Bajo las palmeras avanzan los camellos, ricamente cargados de índigo y de otros valiosos tesoros. El Rey los envía a aquel cuyos cantos constituyen la alegría del pueblo y la gloria de su tierra; se ha descubierto el paradero de aquel a quien la envidia y la falacia enviaron al destierro… La caravana se acerca a la pequeña ciudad donde halló asilo; un pobre cadáver conducido a la puerta la hace detener. El muerto es precisamente el hombre a quien busca: Firdusi… Ha recorrido toda la espinosa senda del honor.

El africano de toscos rasgos, gruesos labios y cabello negro y lanoso, mendiga en las gradas de mármol de palacio de la capital lusitana; es el fiel esclavo de Camoens; sin él y sin las limosnas que le arrojan, moriría de hambre su señor, el poeta de Las Lusiadas.

Sobre la tumba de Camoens se levanta hoy un magnífico monumento.

Una nueva proyección.

Detrás de una reja de hierro vemos a un hombre, pálido como la muerte, con larga barba hirsuta.

—¡He realizado un descubrimiento, el mayor desde hace siglos —grita—, y llevo más de veinte años encerrado aquí!

—¿Quién es?

—¡Un loco! —dice el guardián—. ¡A lo que puede llegar un hombre! ¡Está empeñado en que es posible avanzar al impulso del vapor!

Salomón de Caus, descubridor de la fuerza del vapor, cuyas imprecisas palabras de presentimiento no fueron comprendidas por un Richelieu, murió en el manicomio.

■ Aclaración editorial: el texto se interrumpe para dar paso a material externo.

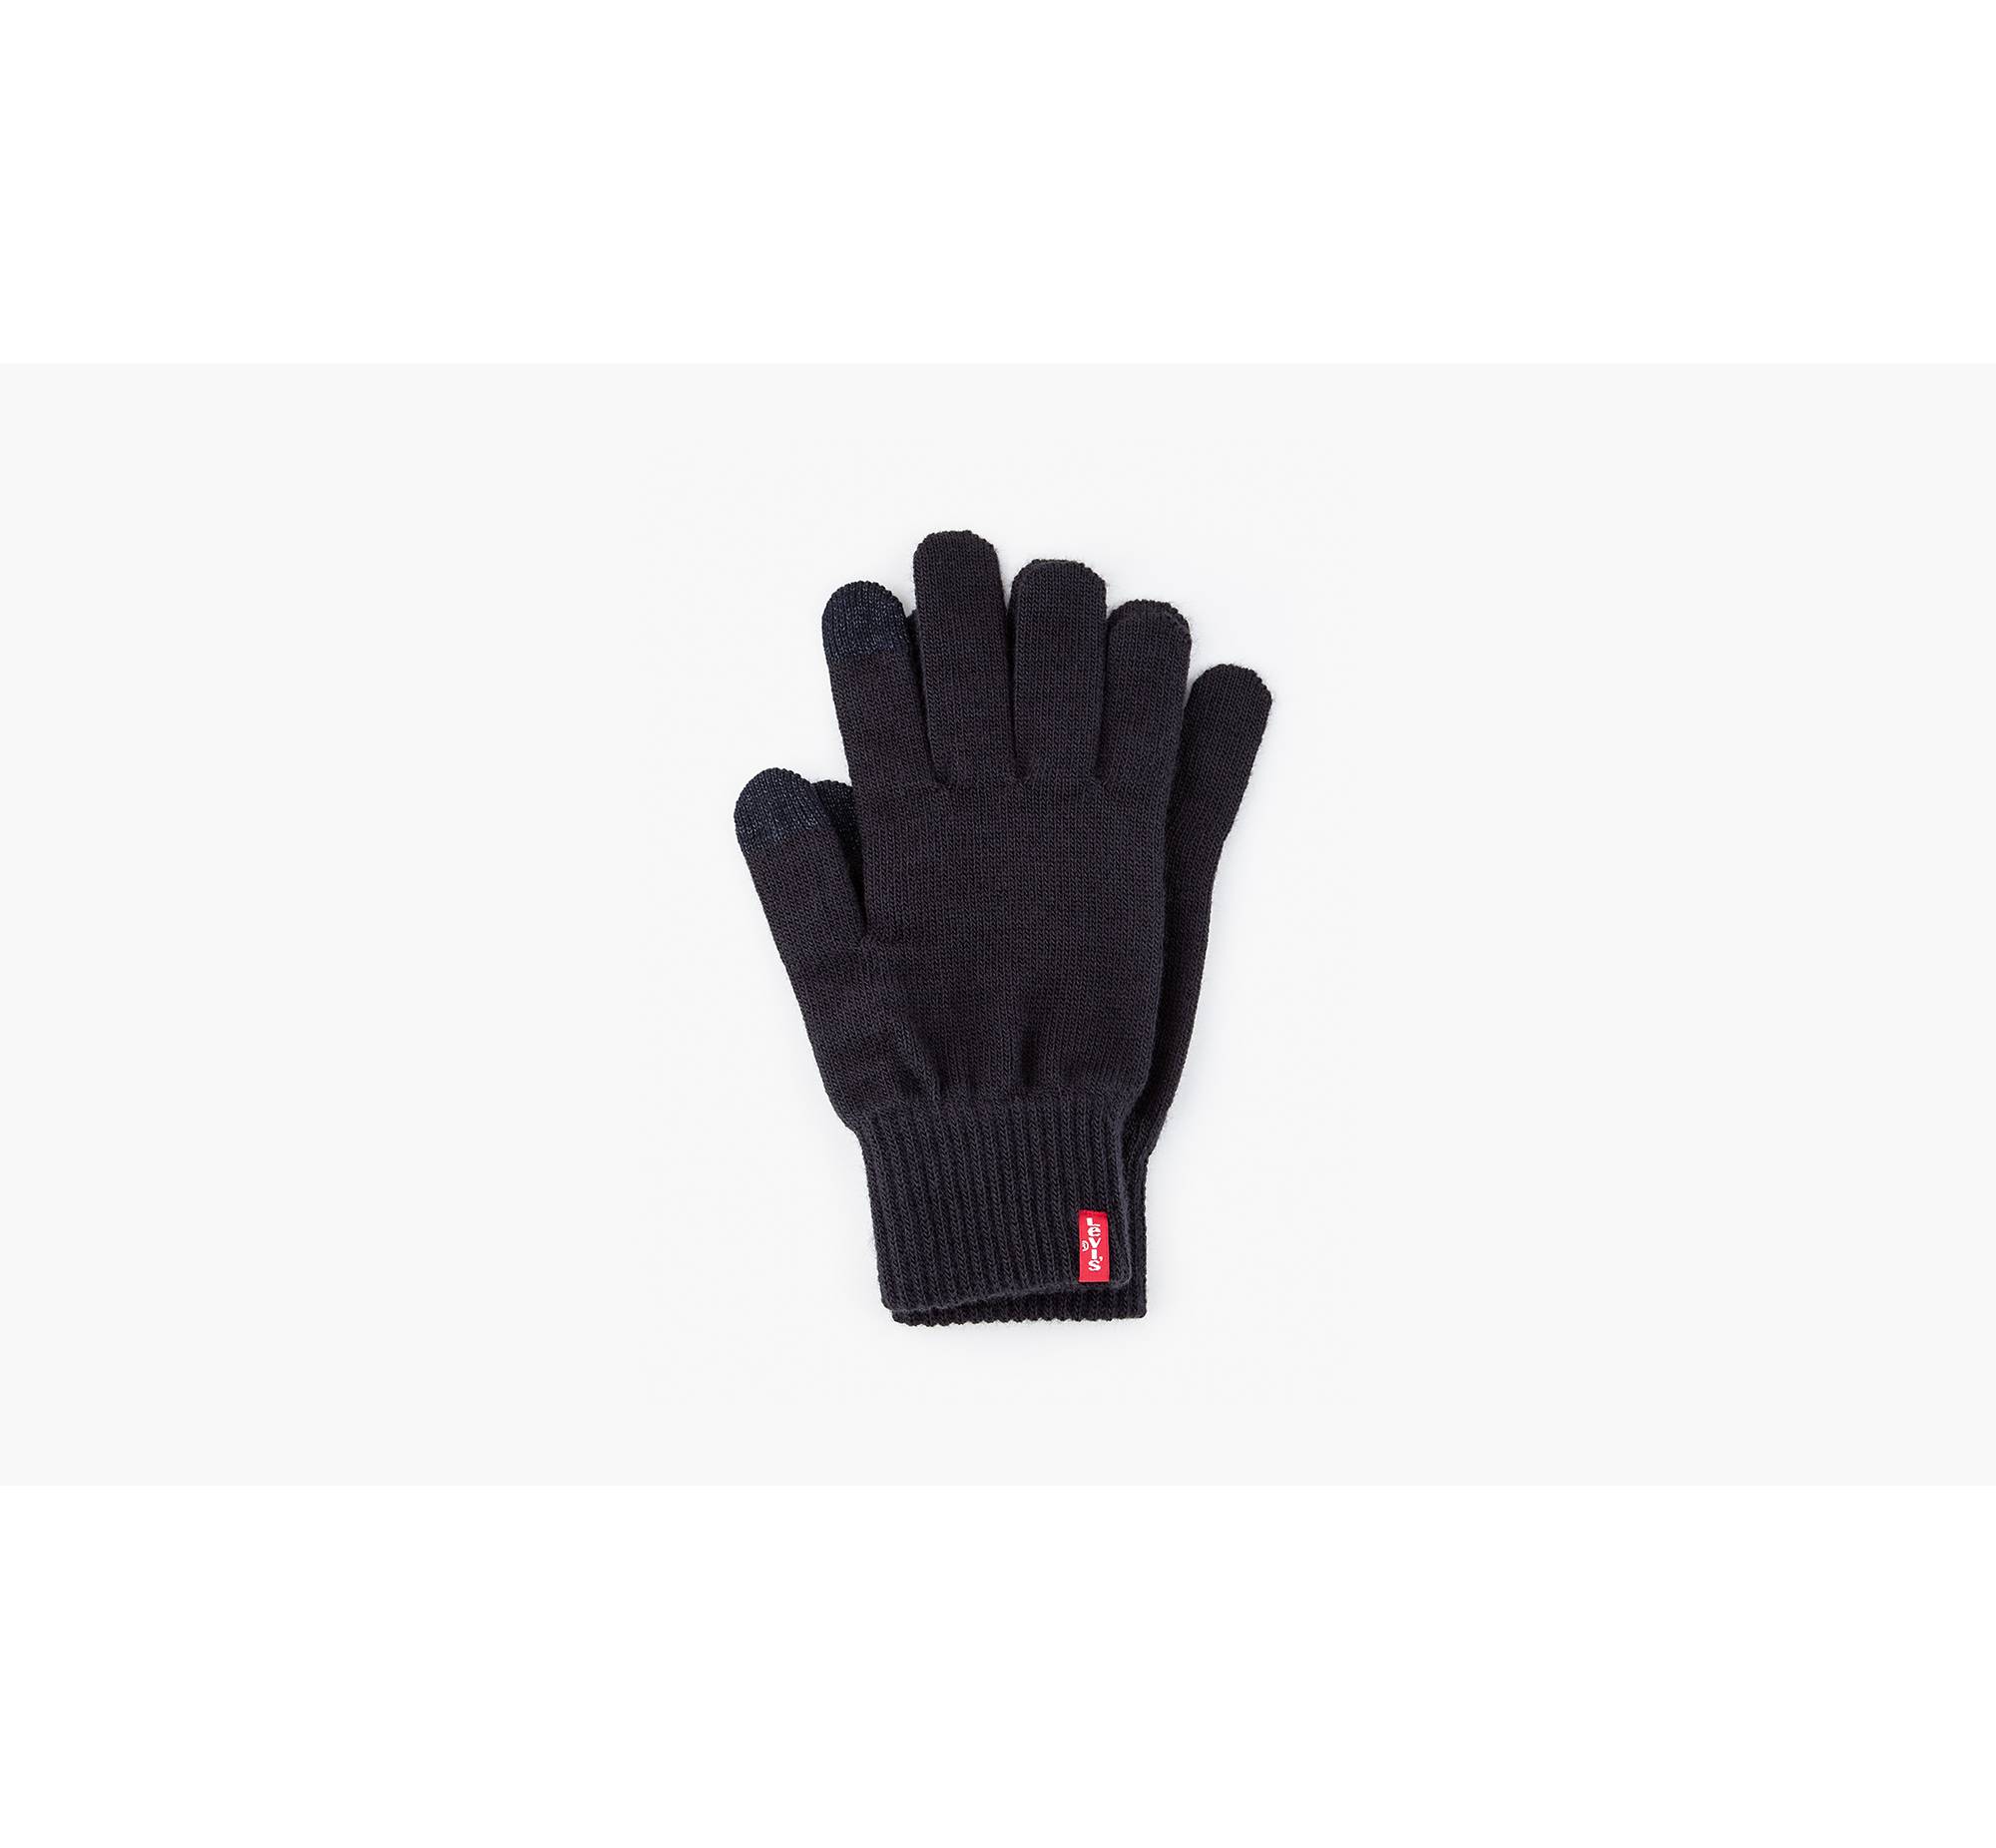 Touch Screen Gloves - Blue

Ahí tenemos a Colón, burlado y perseguido un día por los golfos callejeros porque se había propuesto descubrir un nuevo mundo, ¡y lo descubrió! Las campanas de júbilo doblan a su regreso victorioso, pero las de la envidia no tardarán en ahogar los sones de aquéllas. El descubridor de mundos, que levantó del mar la tierra americana y la ofreció a su rey, es recompensado con cadenas de hierro, que pedirá sean puestas en su ataúd, como testimonios del mundo y de la estima de su época.

Las imágenes se suceden; está muy concurrida la senda espinosa del honor.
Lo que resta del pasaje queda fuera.